[INFORMATION SHOWN Boundary: Start]

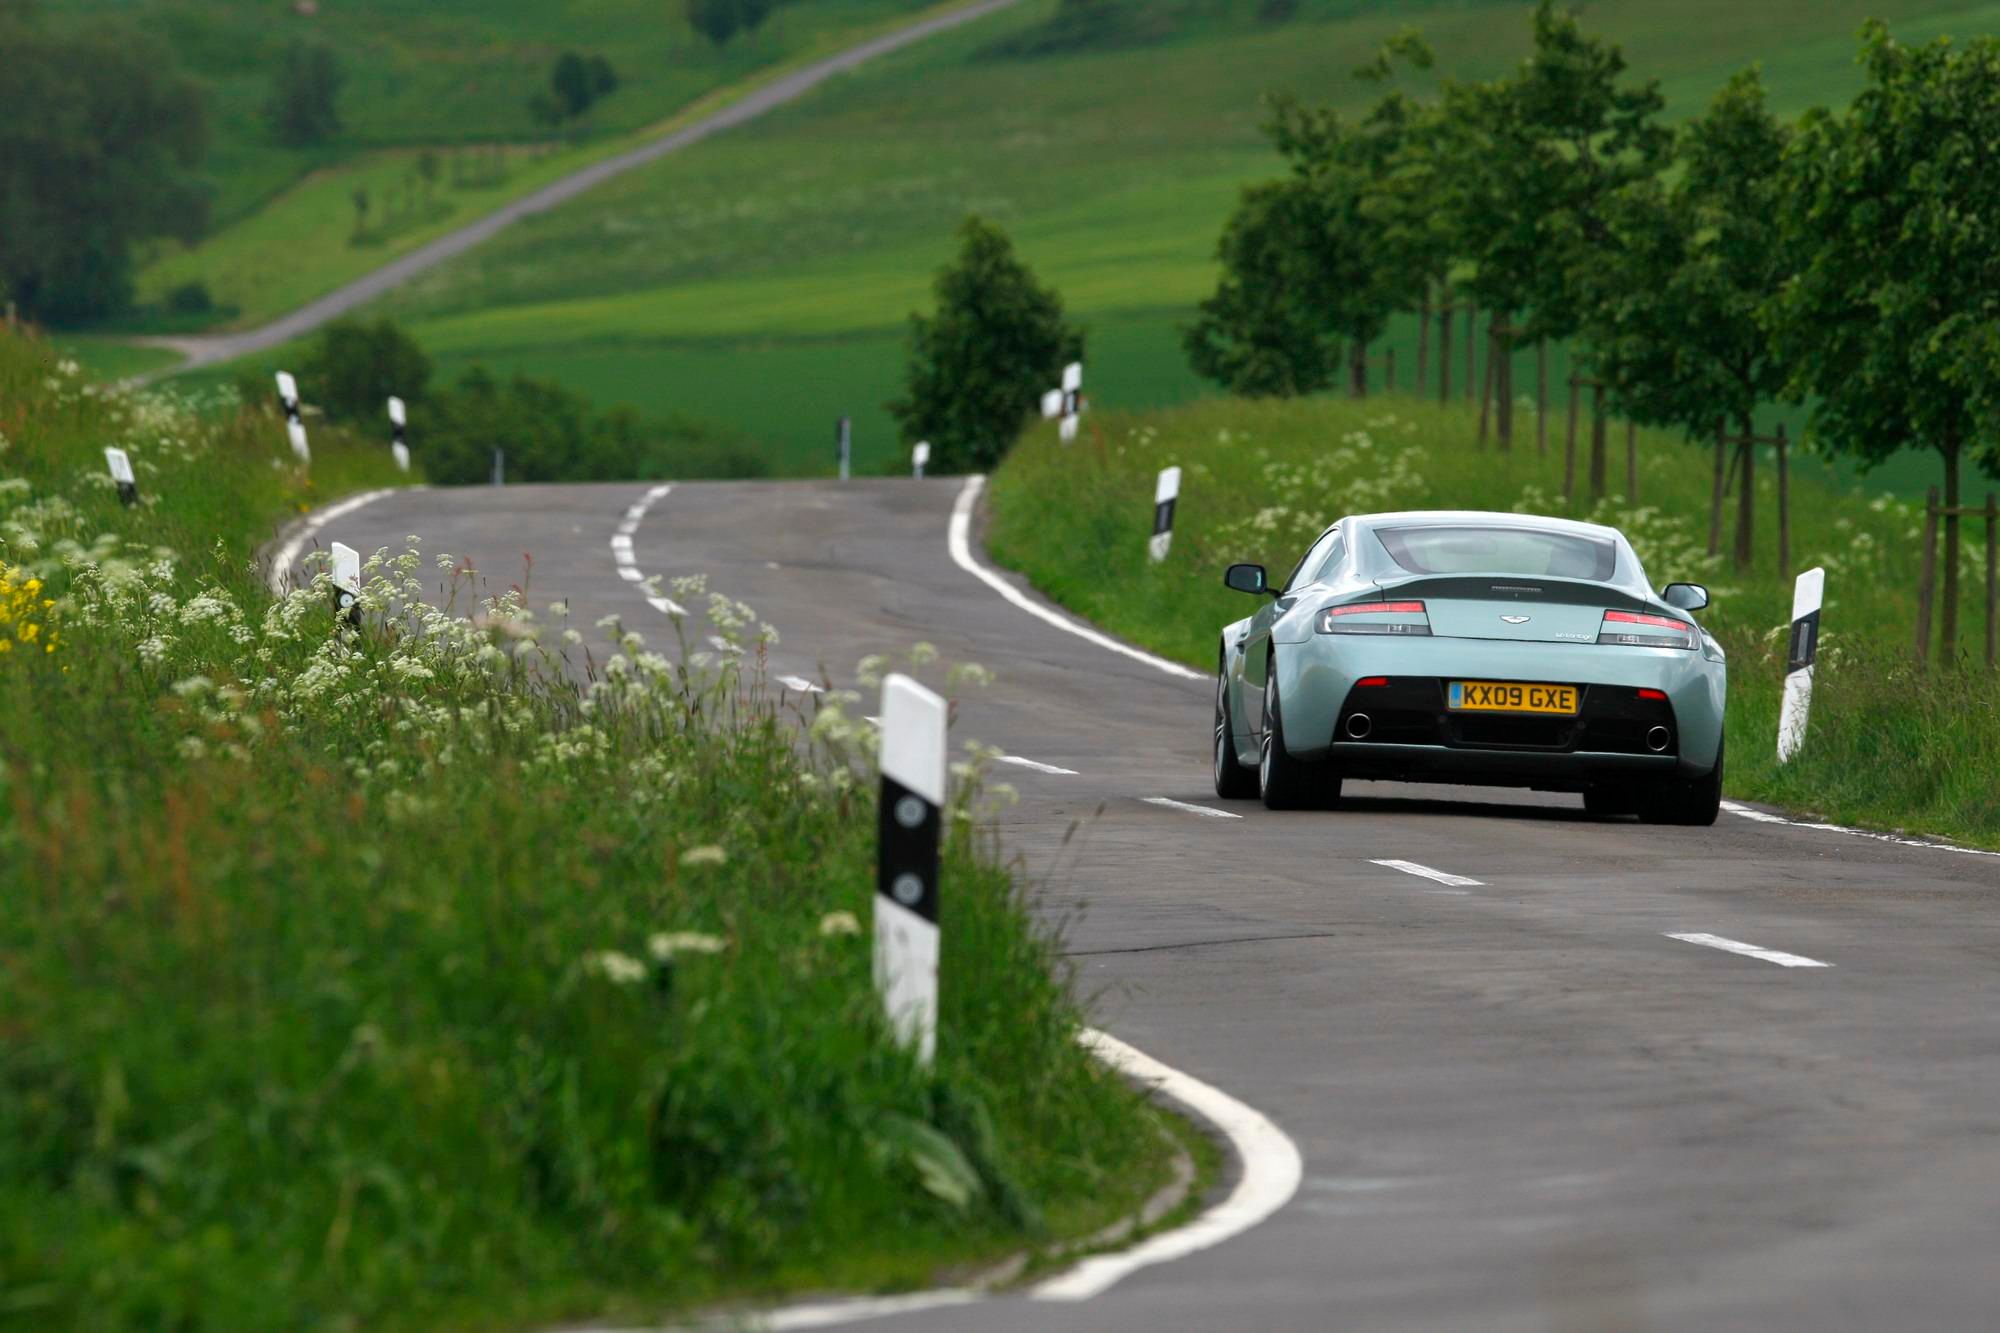 2010 Aston Martin V12 Vantage
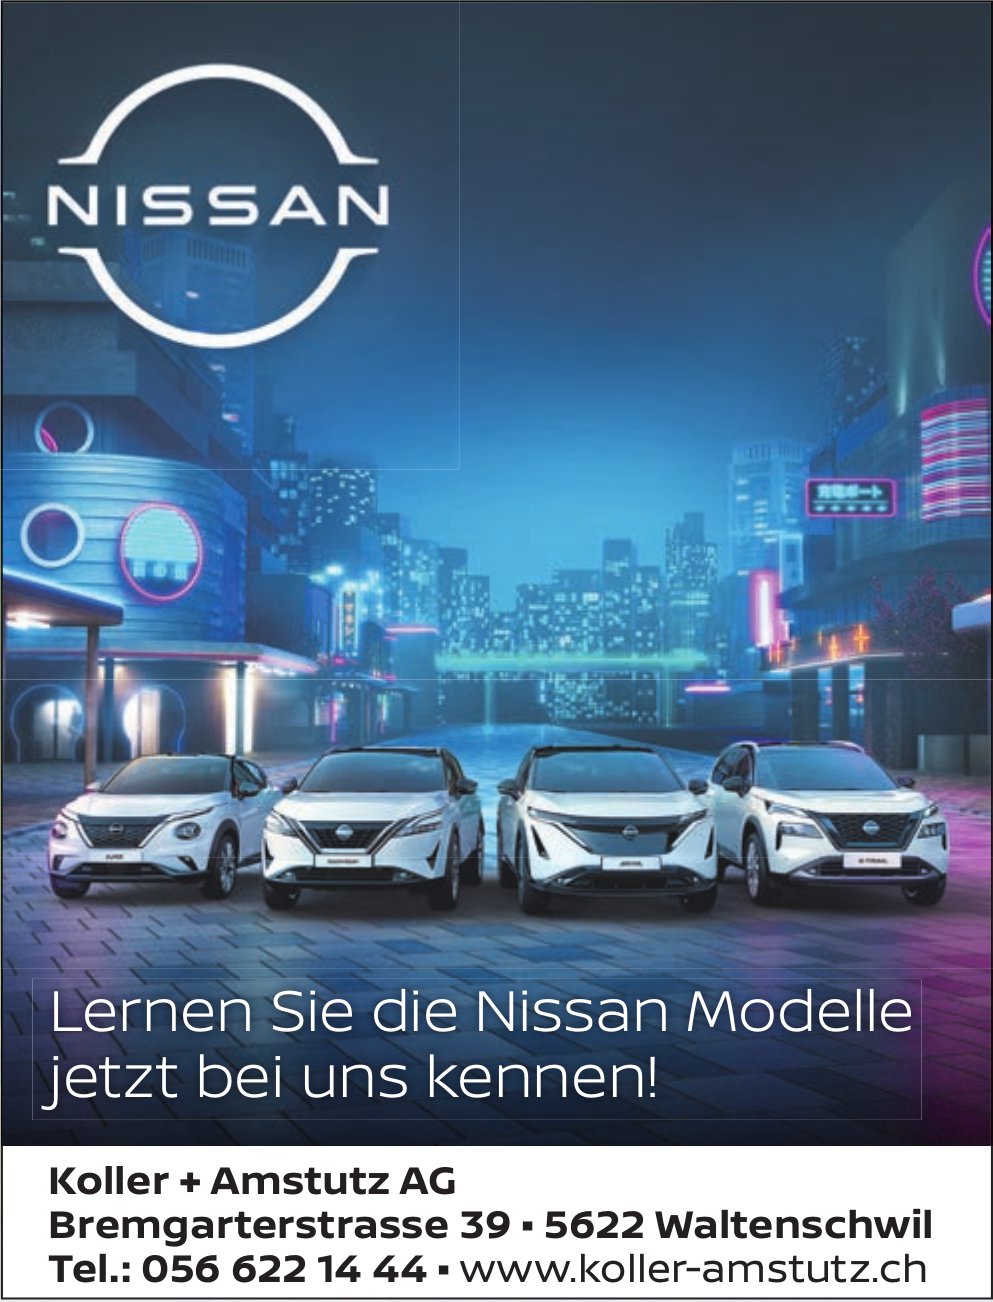 Koller + Amstutz AG, Waltenschwil - Nissan Modelle
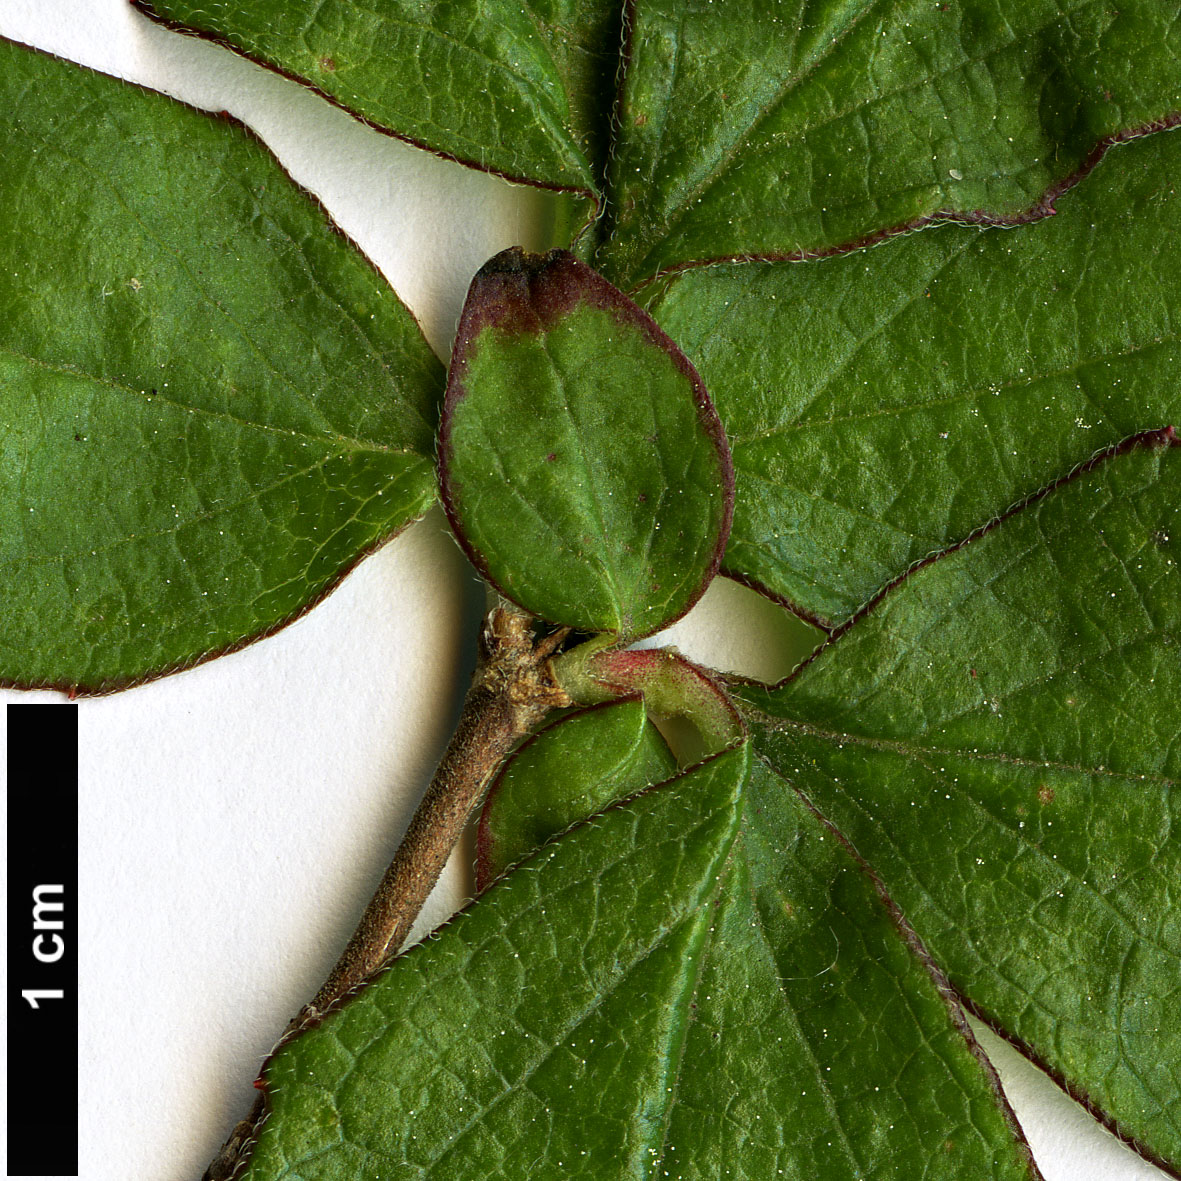 High resolution image: Family: Caprifoliaceae - Genus: Diabelia - Taxon: spathulata

[INFORMATION SHOWN Boundary: End]

◆ WHAT YOU HAVE TO DO: All of the data is to be transcribed exactly, with images omitted.

◆ RESPONSE TO THE EXERCISE:
 2010 Aston Martin V12 Vantage
 Koller + Amstutz AG, Waltenschwil - Nissan Modelle
 High resolution image: Family: Caprifoliaceae - Genus: Diabelia - Taxon: spathulata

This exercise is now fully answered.